Once you find the line with "20++ Contoh surat" in the data that follows, repeat it and every line after it exactly, through the line with "Eine Gruppe von".

* Records to use *
++++

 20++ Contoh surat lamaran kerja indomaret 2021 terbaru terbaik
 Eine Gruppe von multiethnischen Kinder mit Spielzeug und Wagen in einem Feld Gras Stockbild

++++

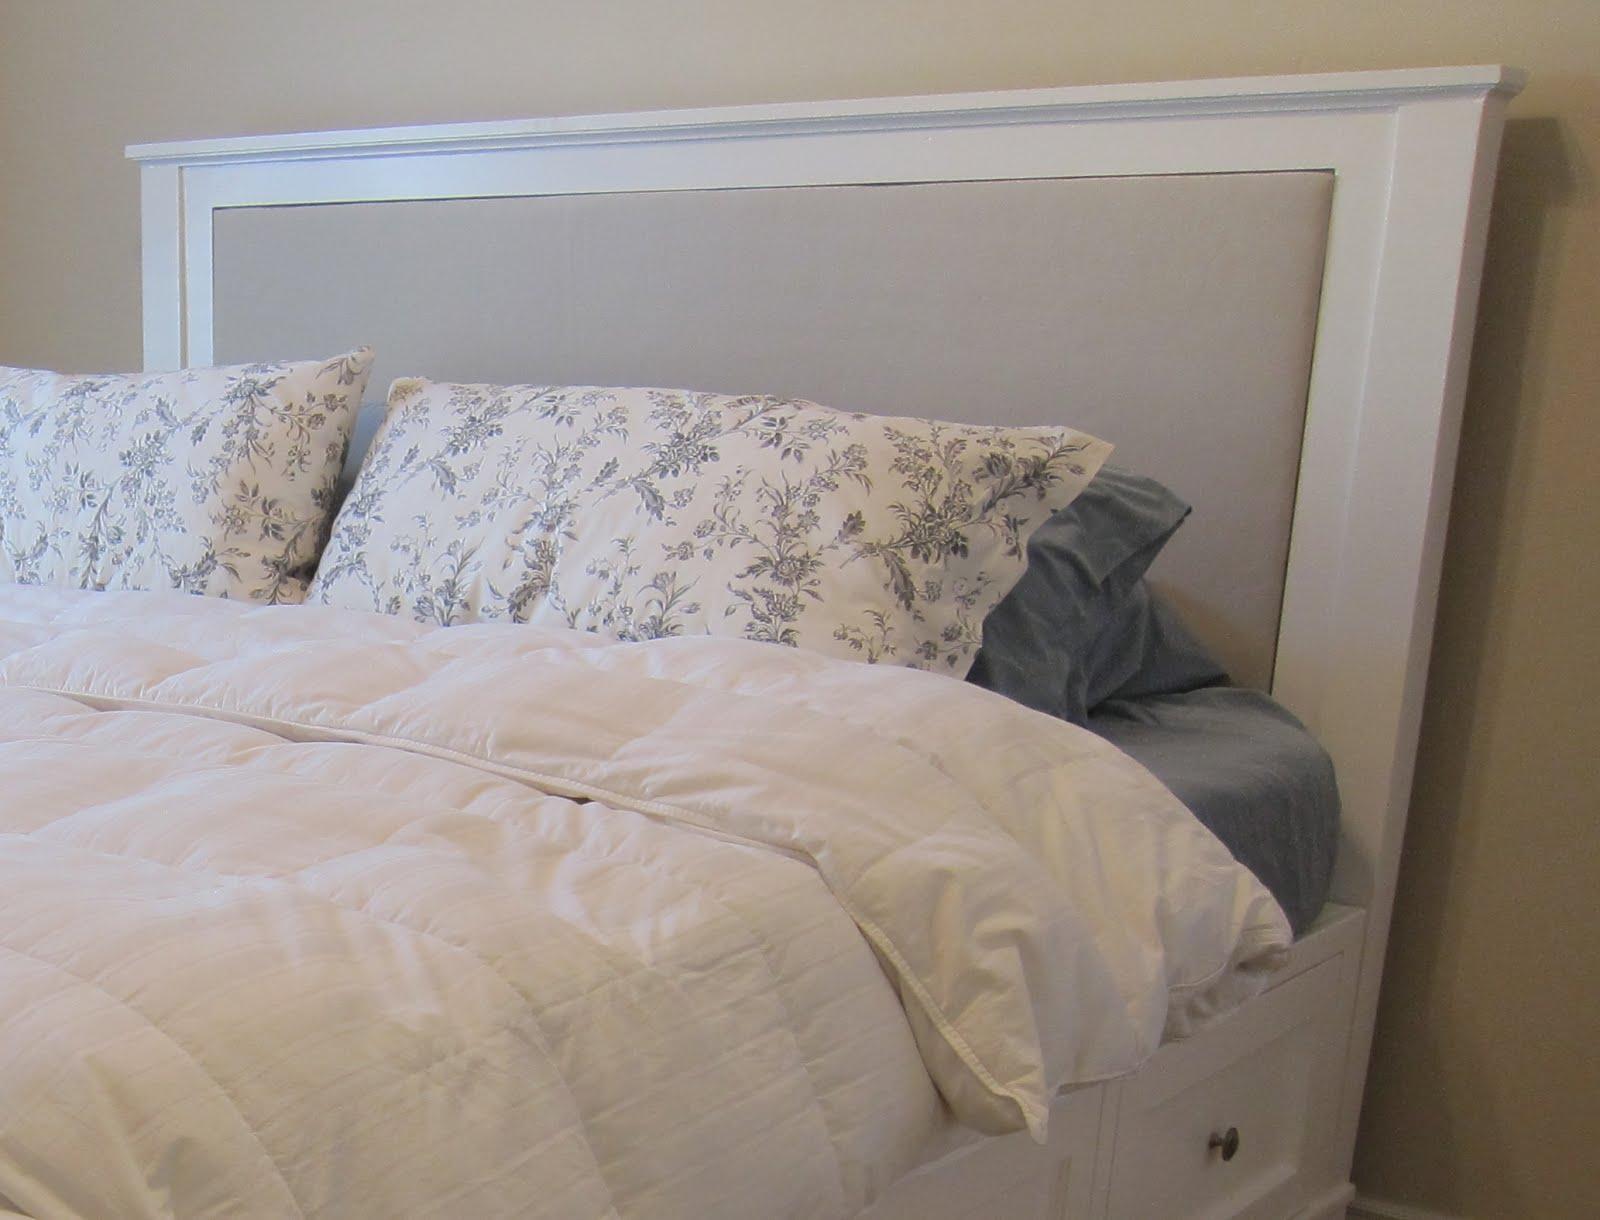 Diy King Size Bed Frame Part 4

++++

* Solution *
 20++ Contoh surat lamaran kerja indomaret 2021 terbaru terbaik
 Eine Gruppe von multiethnischen Kinder mit Spielzeug und Wagen in einem Feld Gras Stockbild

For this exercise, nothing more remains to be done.